In all cases, the results are correct according to the standard check
of projecting "Ones".  These are crazy improvements, especially
considering that these are times for serial projections.

And important note here is that this *will* parallelize independent of
the image plane, although I have yet to see the need to parallelize
just yet.  The load balancing may be better optimized based on image
plane decomposition, but the algorithm should work with independent
joins.  Additionally in parallel the final join at the end of the
calculation may have higher peak memory usage if the decomposition is
not via image plane decomposition, but it should still work.

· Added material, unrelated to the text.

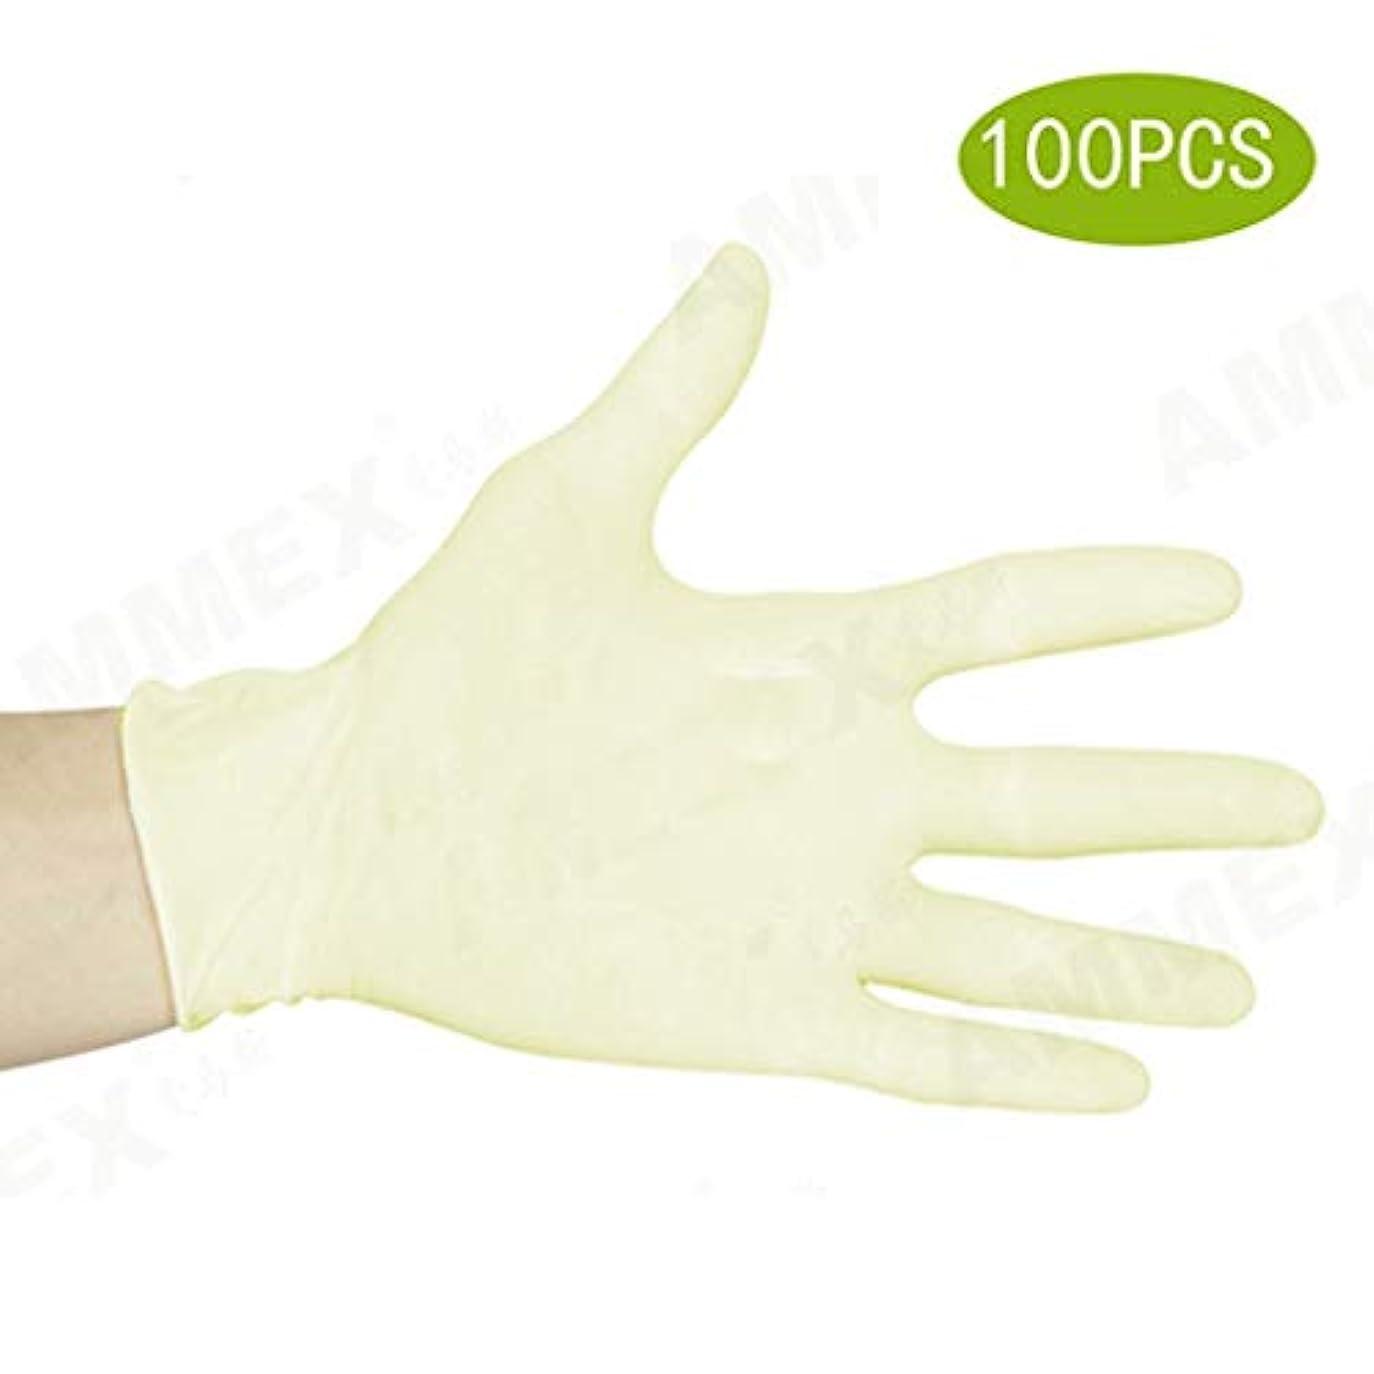 池にはまって一致ニトリル手袋、パウダーフリー、ラテックスゴムフリー、使い捨て手袋 - 非滅菌、食品安全、医療用グレード、100の便利なディスペンサーパック、ビニール手袋(エクストラストレングス) (Color : Latex Gloves...

Unfortunately, right now my time is very constrained; so I am going to
put out there that if someone would be willing to help me break apart
the existing code and insert this code, then we can swap out the
engines.  But in the absence of that, I'm not sure that it'll get
inserted into the main line before the Summer, or at least the late
Spring.  As is, I can definitely provide a very simple and manual
interface to use it (and I intend to do so) but integrating it into
the mainline is not going to be my priority right now.  But, again, I
will provide *an* interface, even if it's not a *final* interface and
likely not a *nice* interface.

Anyway, I'm pretty excited about this -- definitely a huge improvement
over the previous algorithm, and we still retain the *adaptive* nature
of the projections: project once, plot many.